The global demand for energy storage systems for portable consumer devices such as cell phone, laptop including electric vehicles is clearly on the rise. To date, lithium ion batteries are considered the flagship battery system due to its high volumetric/gravimetric energy and power densities. Current lithium ion batteries exhibit a power density of 100-260 Whkg^-1when layered spinel and olivine cathode material such as LiCoO₂, LiNiO₂, LiMnO₄, and LiFePO₄ are coupled with a graphite anode. With the recent demand for higher energy storage capacities for use in electric vehicles research has been focused on replacing graphite with Li metal as anode material owing to its high theoretical capacity of ~3800mAh/g. However, lithium anode suffers from growth of dendritic morphology and low columbic efficiency which leads to failure of the battery.

The dendrite formation is caused by the non-uniform current density at the surface of the solid electrolyte interphase (SEI) which results in a high-surface area lithium (HSAL). A solution to prevent the HSAL formation is using uniform low current density and by increasing the active surface area, the actual current density can be kept low during plating/deplating process. Li electroplating is a well-studied phenomenon. However, the effect of electrode surface features on the resultant electrocrystallization process of Li from nucleation and growth perspective is not yet defined and well understood.

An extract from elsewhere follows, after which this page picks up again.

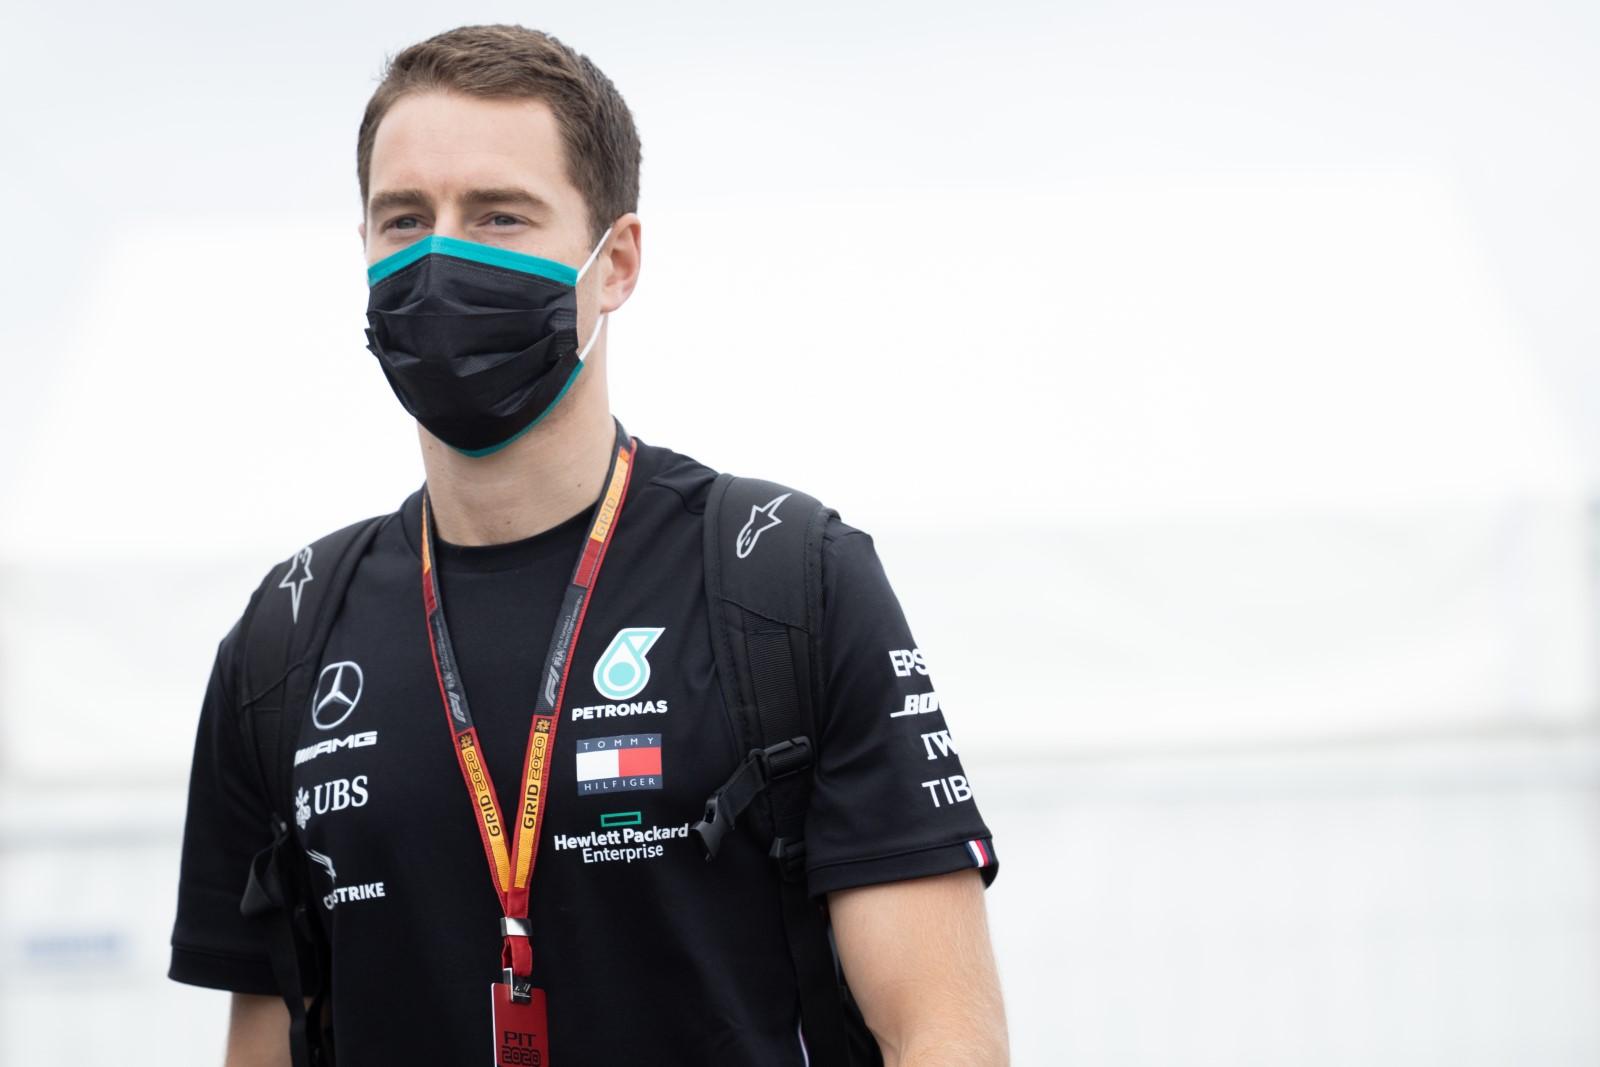 Hulkenberg to stand in for unwell Stroll at Eifel Grand Prix
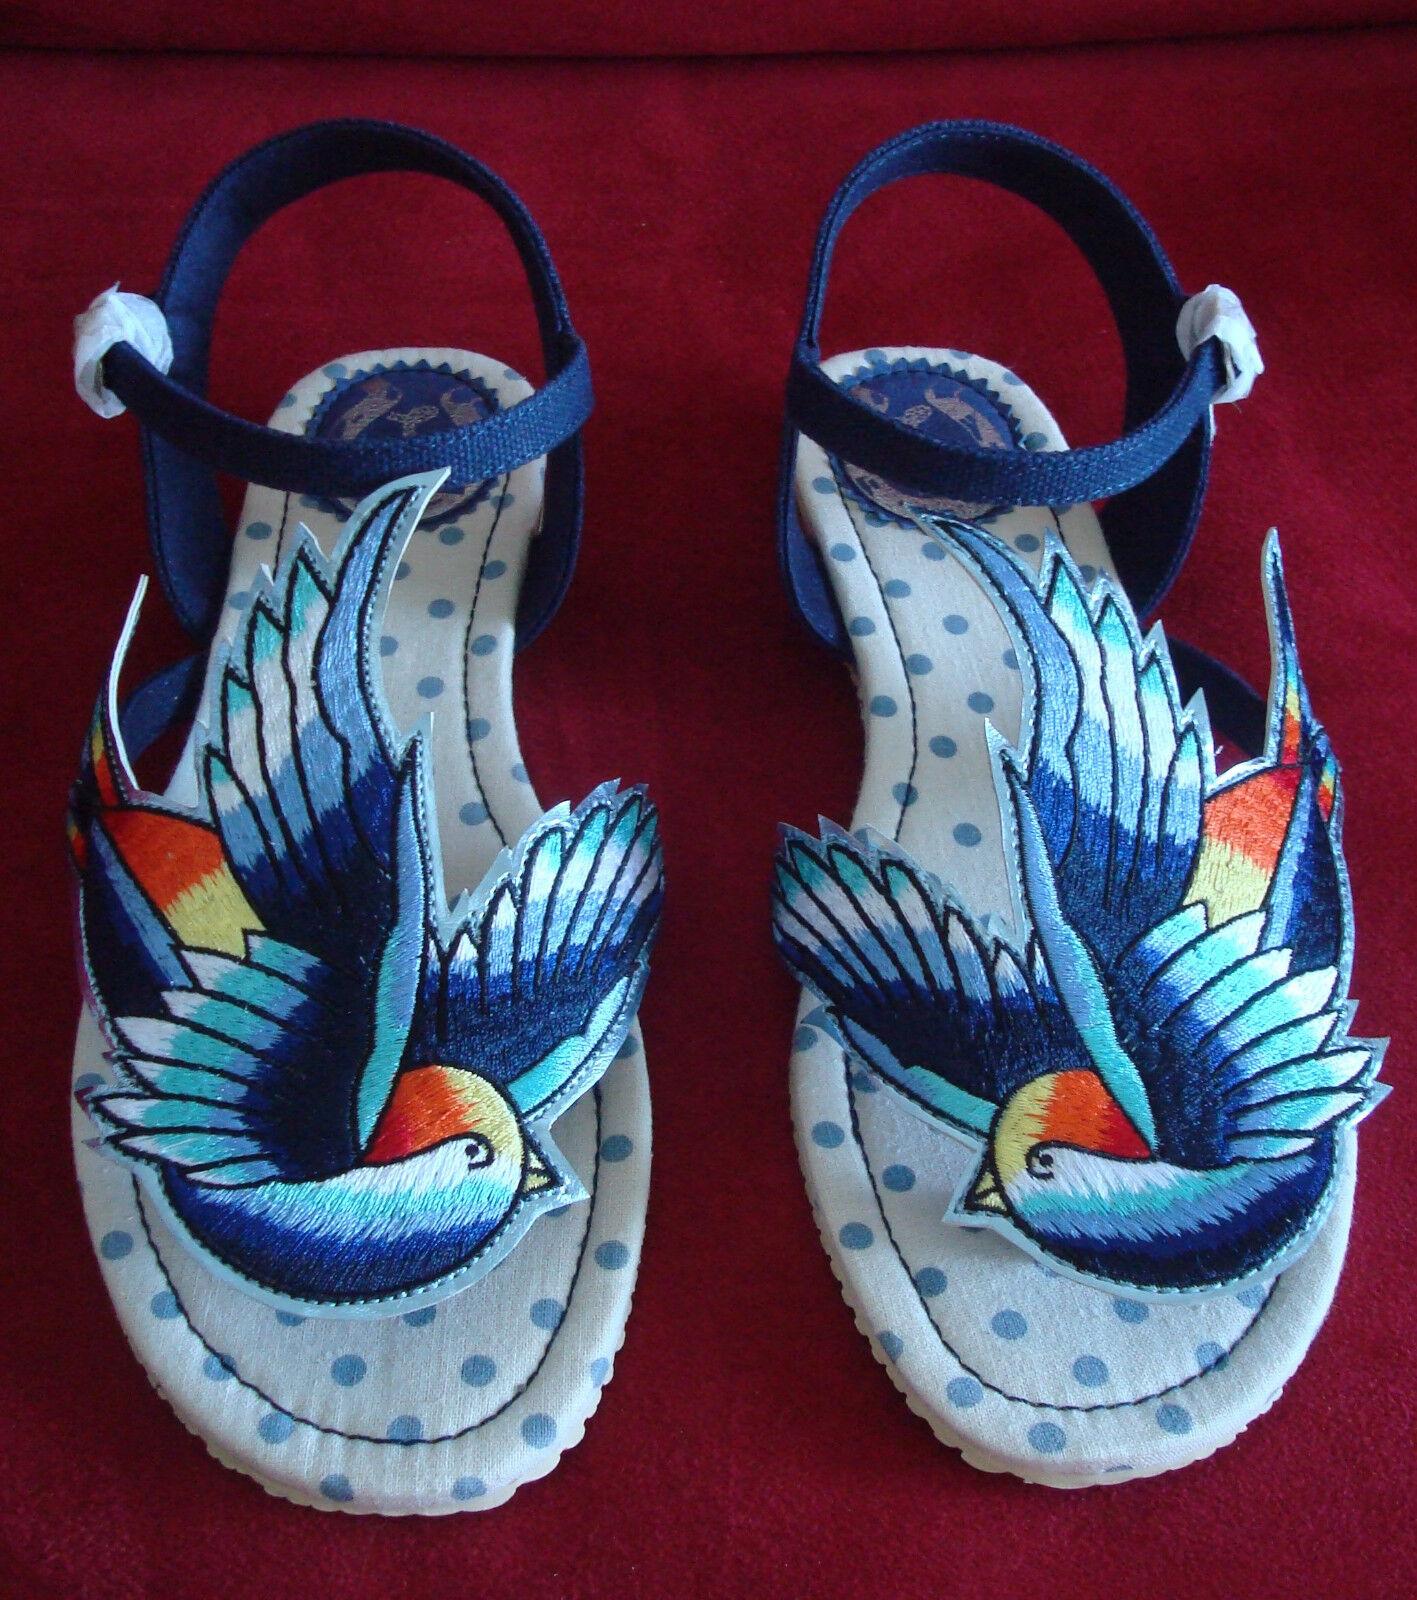 Nuevos Zapatos By Miss L Fire, azul Bird Multi, Caja Original

In the present work, patterning of Li electrode surface was implemented and their effect on the the nucleation and growth process is studied. Various patterned Li electrodes (plain Li, Li-300, Li-2500) were assembled in CR2025 coin cell using commercial Li foil as counter electrode and tested at different areal current densities for plating and deplating. Fig 1a-c shows the evolution of voltage of plain Li foil, patterned Li-300 and Li-2500, respectively, on repeated plating and deplating at 0.5mA/cm². The voltage profile can be identified as two distinct regions of nucleation overpotential (E_N) and growth overpotential (E_G) in the electrocrystallization process of Li. Depending on the Li surface, a noticeable change in the nucleation and growth overpotential is observed. Plain Li surface shows a very high E_N (0.45V) as compared to the Li-300 (0.32V) indicating the formation of higher nucleation sites which results in HSAL. Li-300 and Li-2500 on the other hand, show rapid decrease in E_N on cycling with similar nucleation and growth potential (>10^th cycle) indicating growth of preexisting nucleation sites instead of creating fresh nucleation sites.

For full cell testing, electrodes were made from slurry consisting of 90% Lithium Manganese Oxide (LiMn₂O₄) with 5% Carbon (Super P) and 5% Polyvinylidene difluoride (PVDF) cast on aluminum current collector and assembled in a CR2025 coin cell with different patterned Li electrodes. Long term cycling and rate capability tests were conducted at different current rates and their performance evaluated in terms of stability, columbic efficiency and charge/discharge capacities. Subsequently, electrical impedance spectroscopy and SEM analysis were carried out to understand the evolution of Li plating morphology and variation of electrochemical performance with different surface patterns. Results of these studies will be presented and discussed.